EXCERPTED DATA ::
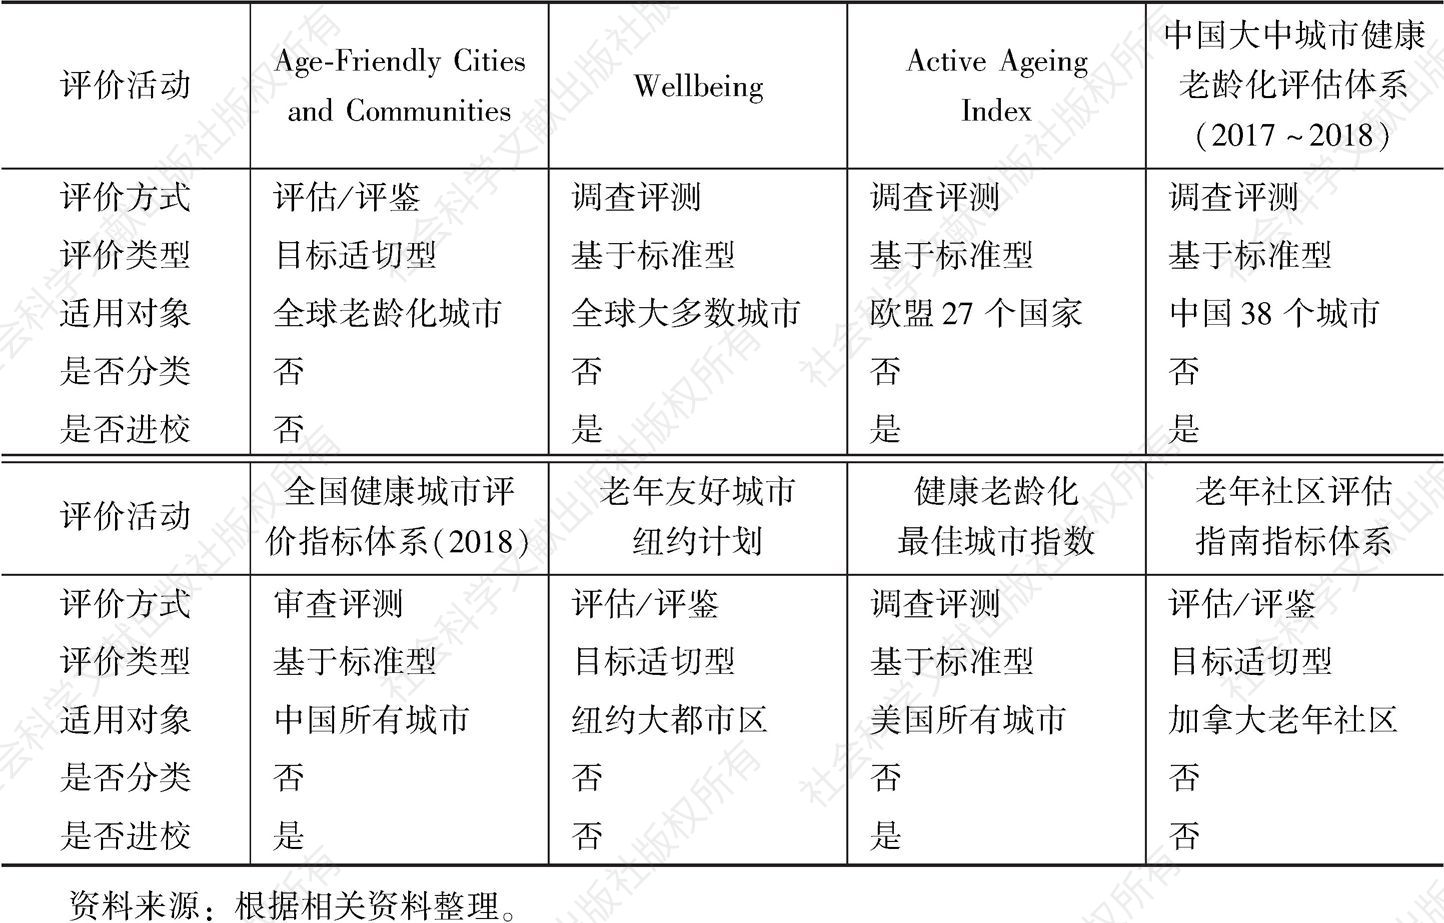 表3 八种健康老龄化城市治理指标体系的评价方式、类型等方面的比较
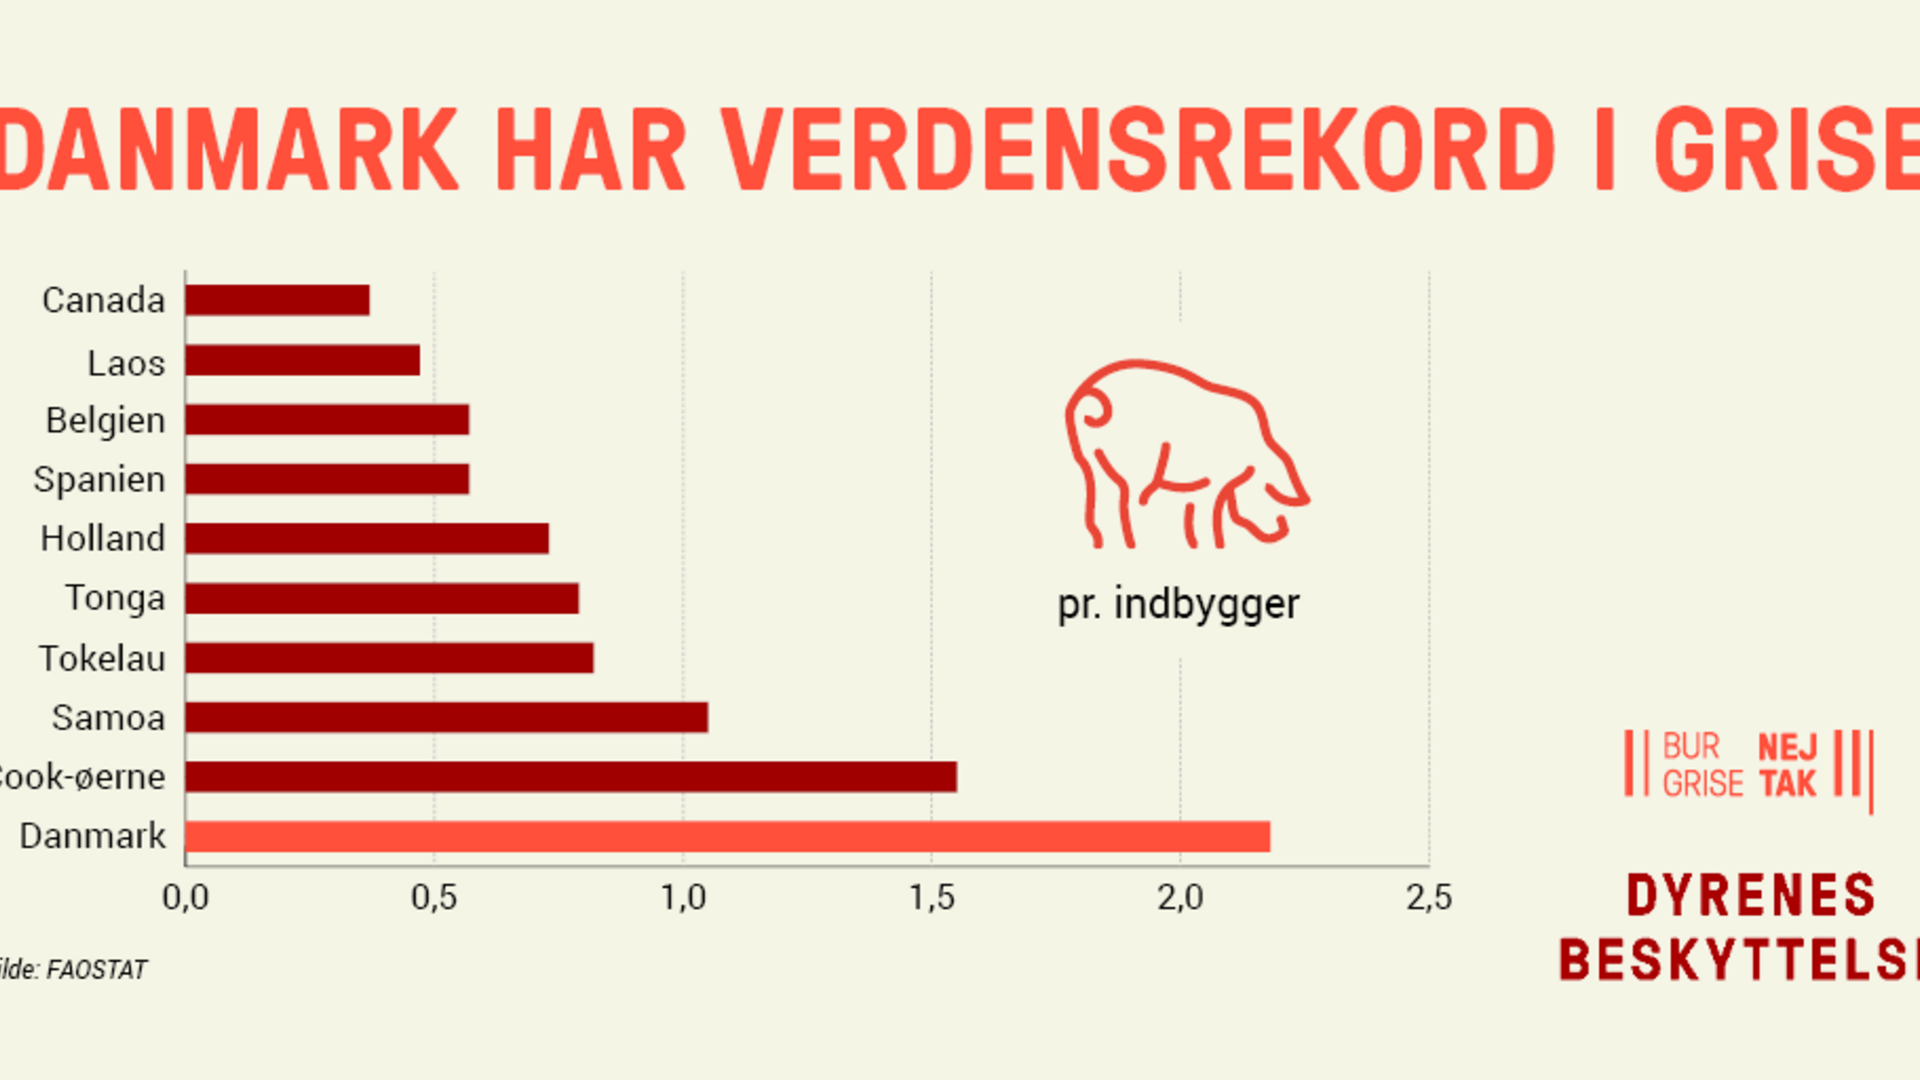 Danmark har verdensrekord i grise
* * *
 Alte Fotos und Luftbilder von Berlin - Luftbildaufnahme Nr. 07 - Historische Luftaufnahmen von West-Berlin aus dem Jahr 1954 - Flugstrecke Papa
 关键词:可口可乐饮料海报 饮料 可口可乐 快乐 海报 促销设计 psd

PROBLEM STATEMENT :: In the records above, everything from the line with "表3 八种健康老龄化城市治理指标体系的评价方式、类型等方面的比较" down to the line with "Danmark har verdensrekord i grise" is to be set down exactly, both ends included, with no pictures and no other lines.

RESPONSE TO THE TASK ::
 表3 八种健康老龄化城市治理指标体系的评价方式、类型等方面的比较
 Danmark har verdensrekord i grise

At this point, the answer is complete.